Papers that struggle in traditional peer review have another outlet: preprint servers. Platforms like arXiv (launched in 1991 for physics and now covering mathematics, computer science, and several other fields) and bioRxiv (introduced in 2013 for biology and chemistry) allow researchers to post manuscripts publicly before or after journal submission. One of the recognized reasons for posting a preprint is exactly this situation: the paper was submitted to one or more journals and rejected.

Preprints aren’t peer-reviewed, so they don’t carry the same credibility as a published journal article. But they make the work immediately accessible, establish priority for the authors’ ideas, and allow the broader research community to read and comment on the findings. For some researchers, a preprint ensures their work isn’t invisible while they navigate what can be a long resubmission process.

Ethical Rules Around Resubmission

One thing authors cannot do is submit the same paper to multiple journals simultaneously. This is a firm rule in academic publishing. The Committee on Publication Ethics (COPE) also advises that when resubmitting a previously rejected paper to a new journal, authors should disclose that the manuscript is a resubmission. Not every journal explicitly requires this, but transparency about a paper’s submission history is considered an ethical obligation.

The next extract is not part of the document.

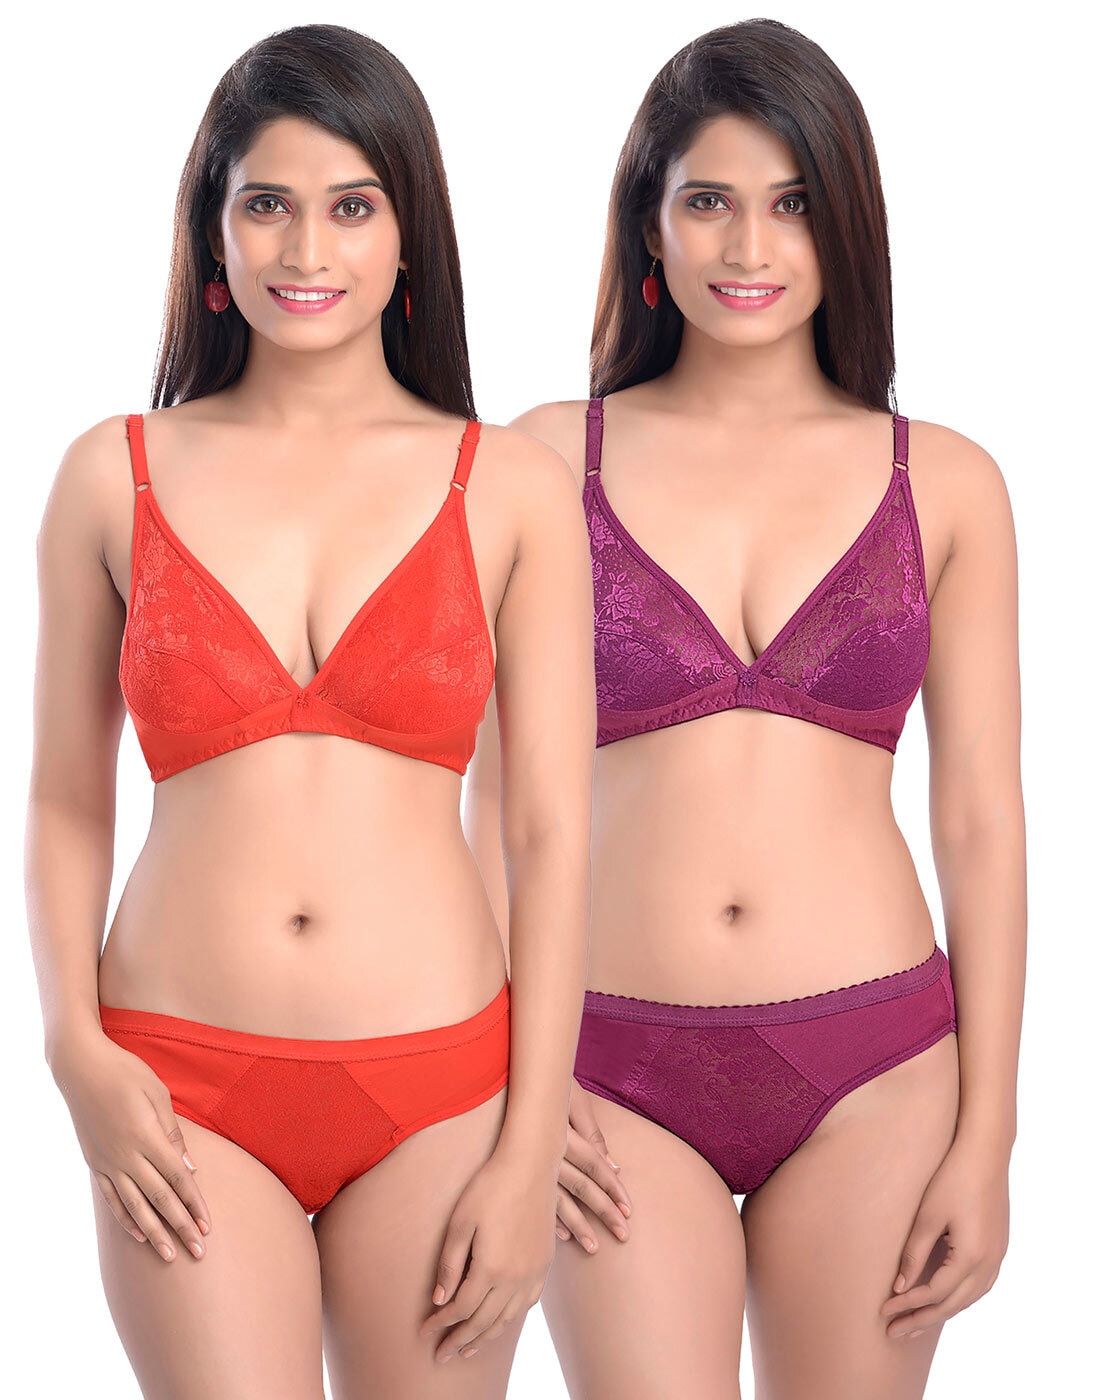 FelinSoul Women's Sexy Plus Size Lingerie Set, 2 Piece India
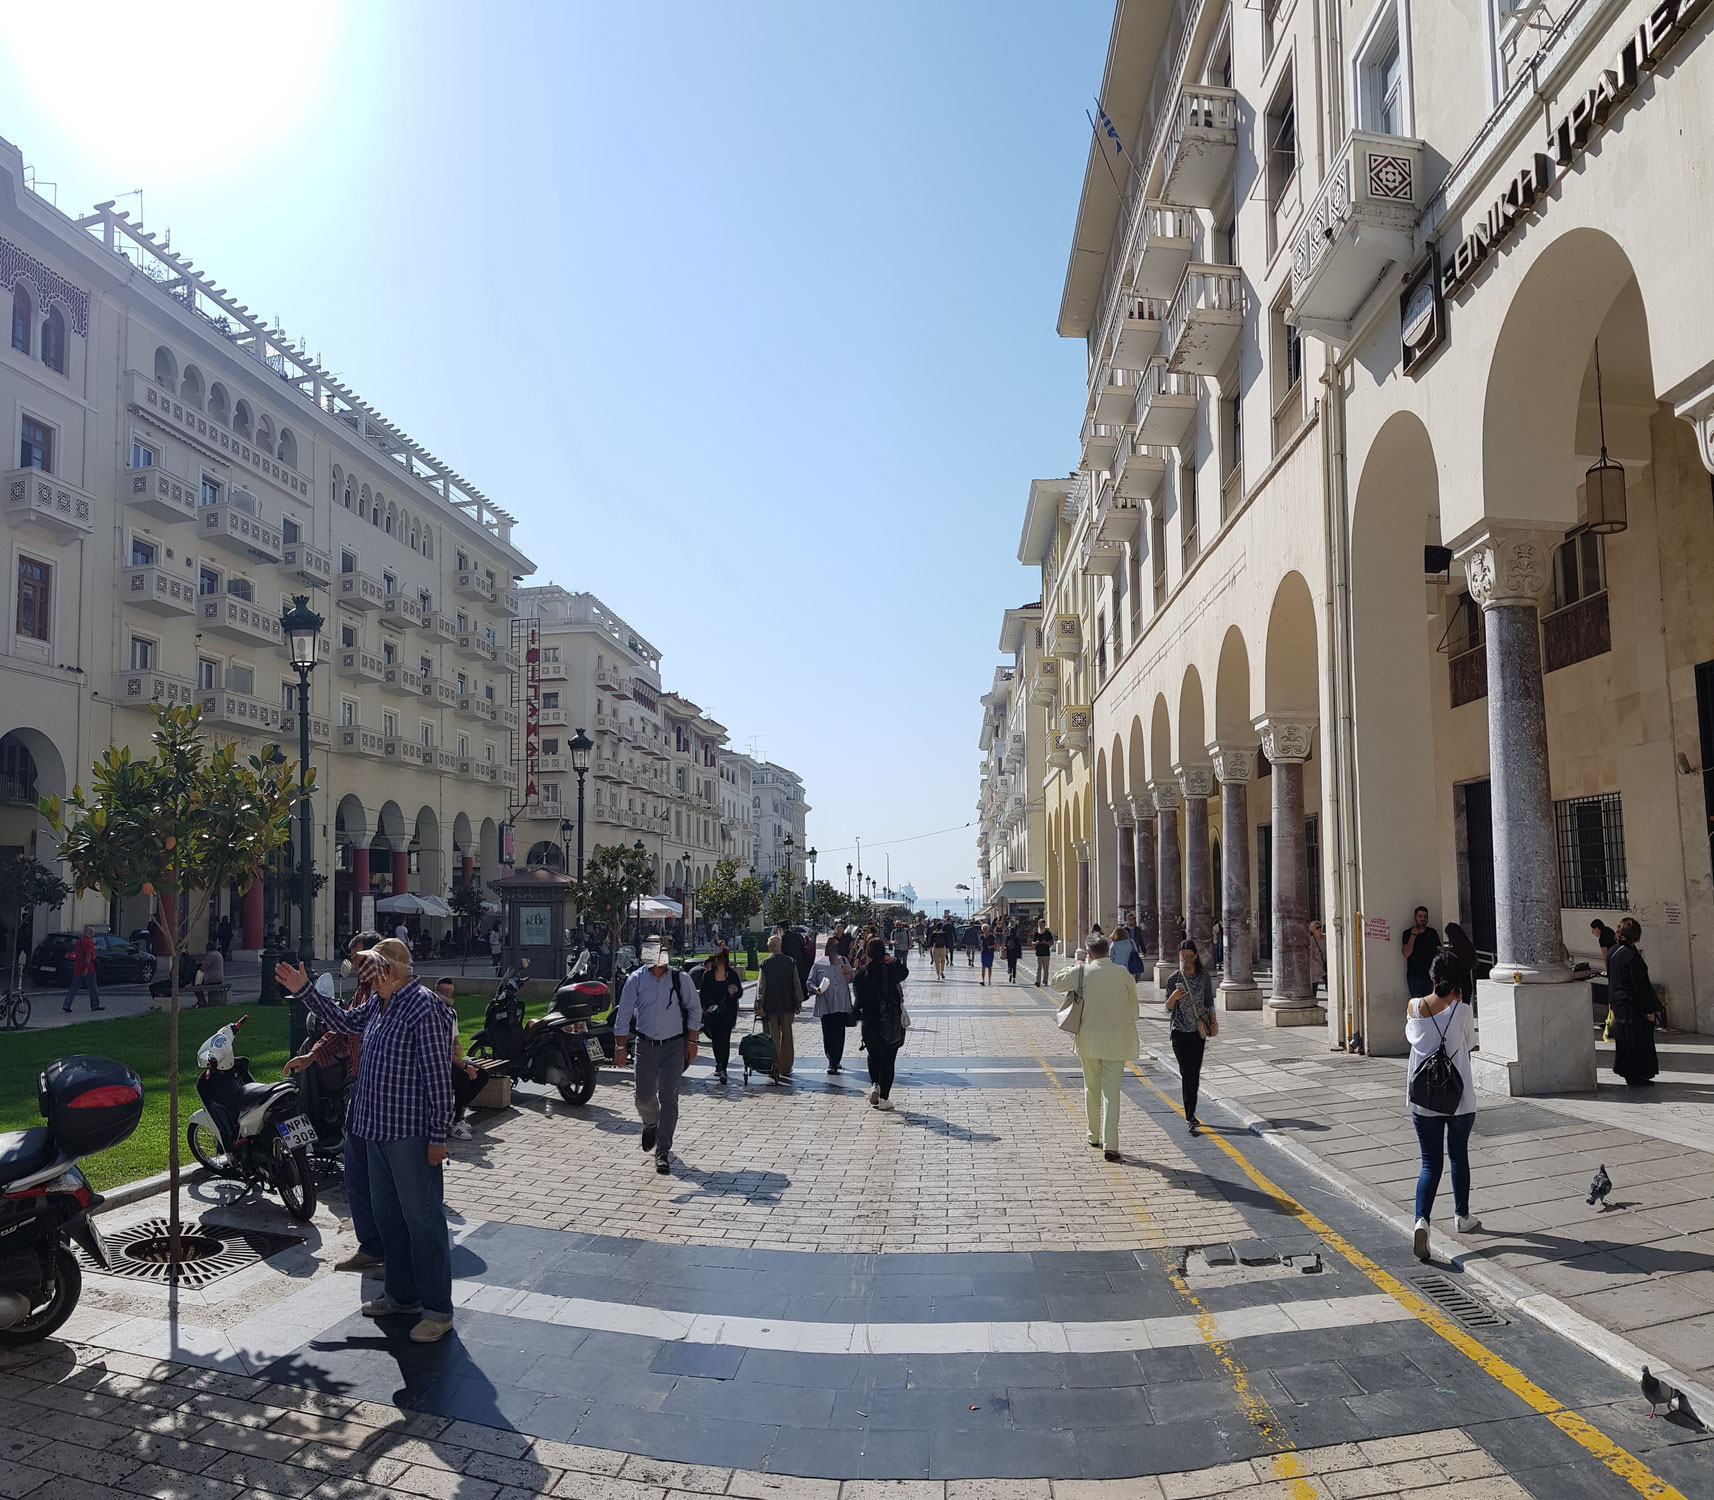 Thessaloniki-mal anders: Spaziergang durch Nebenstrassen und Fußgängerzonen

What authors absolutely should not do is submit the rejected paper elsewhere without any changes. Beyond the ethical issues, it’s a missed opportunity. Reviewer feedback, even when it stings, almost always identifies real weaknesses. Papers that incorporate that criticism before resubmission arrive at the next journal measurably stronger, which is a big part of why the majority of rejected papers do find a home eventually.